Vector Databases
Vector databases enable semantic search — instead of searching by exact word matching, the system understands text meaning and finds similar content.
How Does It Work?
- Embedding — each text is converted to a numerical vector (1536 dimensions) by an AI model
- Storage — vectors are stored in the database along with the original text and metadata
- Search — the user’s question is converted to a vector and compared with stored vectors (cosine distance)

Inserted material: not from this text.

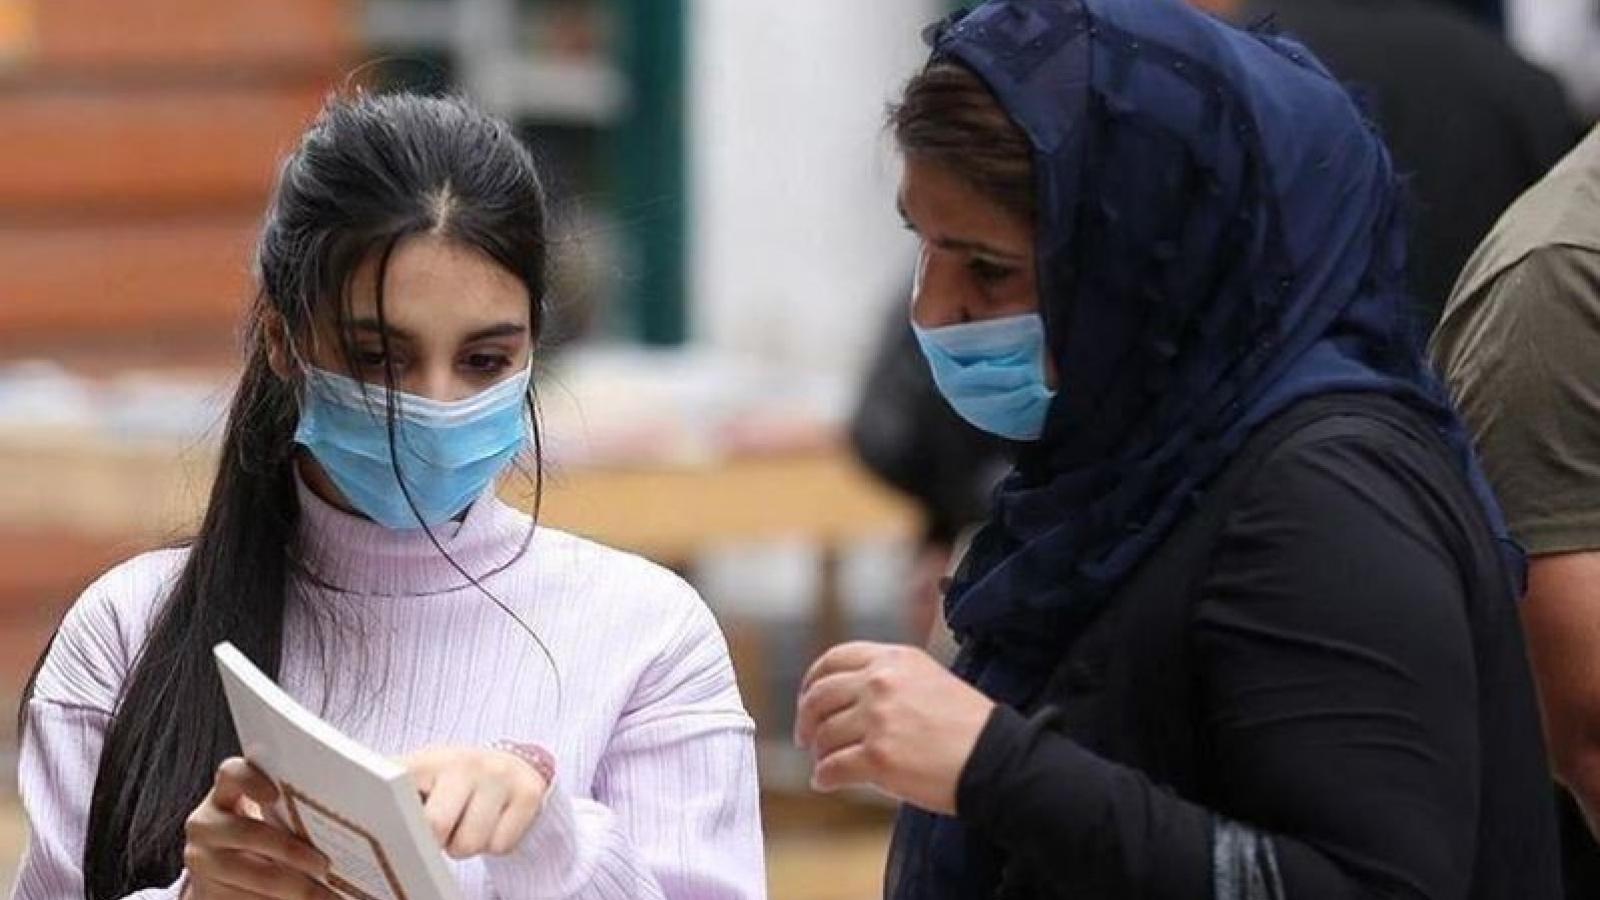 Morocco tiếp tục phong tỏa đất nước đến 20/5 vì dịch Covid-19

- Results — the system returns the best matching entries
Use Cases
- RAG (Retrieval-Augmented Generation) — enriching AI responses with context from the knowledge base
- Semantic search — finding similar documents, articles, FAQ
- Chat with knowledge base — ask a question, AI answers based on your documents
Requirements
A vector database requires an AI connector (OpenAI, Gemini, or Claude) with embedding support for generating vectors.
Entries
Each entry in the vector database contains:
- Text content
- Embedding vector
- Metadata (e.g., source URL)
- Source association (type + ID, e.g., Kb::Entry #35)

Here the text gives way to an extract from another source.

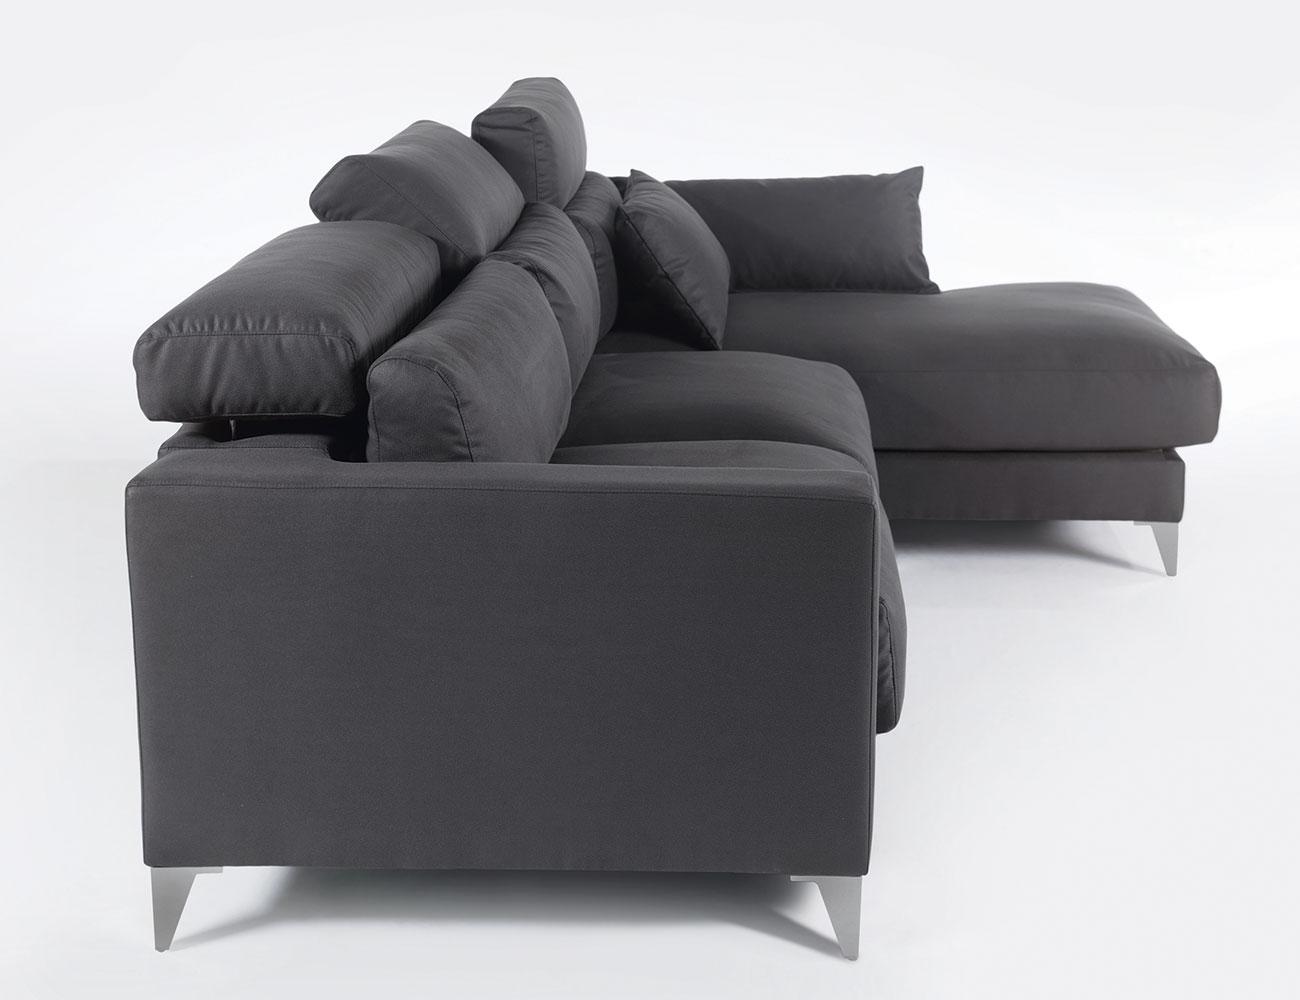 Sofa chaiselongue gran lujo decorativo grafito 140

- Chunk number (when text was split)
Text Chunking
Long texts are automatically split into smaller fragments (chunks) before generating embeddings. Each chunk is a separate entry in the vector database — but all chunks from one source (e.g., a KB entry) are linked together.
“Chunking enabled” Option
In the vector database settings, you can enable the chunking option. This changes behavior:
| Setting | Chunk size | Effect |
|---|---|---|
| Chunking off | model’s max tokens (e.g., 8191 for OpenAI) | Text split only when exceeding model limit. Larger fragments, fewer entries |
| Chunking on | ~500 tokens (~1-2 paragraphs) | Text always split into small fragments. More precise search |
When to Enable Chunking
- Enable when the source has long documents (articles, regulations, documentation) and you need search precision — a small chunk matches a specific question better
- Leave off when entries are short (FAQ, single questions/answers) — splitting short texts doesn’t make sense
How Splitting Works
- The system recognizes text structure — Markdown headings (
## Section), paragraphs, HTML lists - A new section (heading) is a natural chunk boundary
- Each chunk gets a prefix with the section heading it belongs to — so it doesn’t lose context
- If text is HTML — the system converts it to structured text preserving headings and paragraphs
- Tokens counted exactly by tiktoken (OpenAI tokenizer) — not guessing by characters
Per-model Limits
Each embedding model has a different token limit per call. The system automatically retrieves the limit from the connector:
| Model | Max tokens | Effect with chunking OFF | Effect with chunking ON |
|---|---|---|---|
| OpenAI text-embedding-3-small | 8,191 | chunks up to ~7,800 tokens | chunks up to 500 tokens |
| Cohere embed-v4 (Bedrock) | 128,000 | practically no splitting | chunks up to 500 tokens |
| Gemini embedding | 2,048 | chunks up to ~1,900 tokens | chunks up to 500 tokens |
When switching connectors (e.g., from OpenAI to Cohere), limits adjust automatically — no need to change anything in the database settings.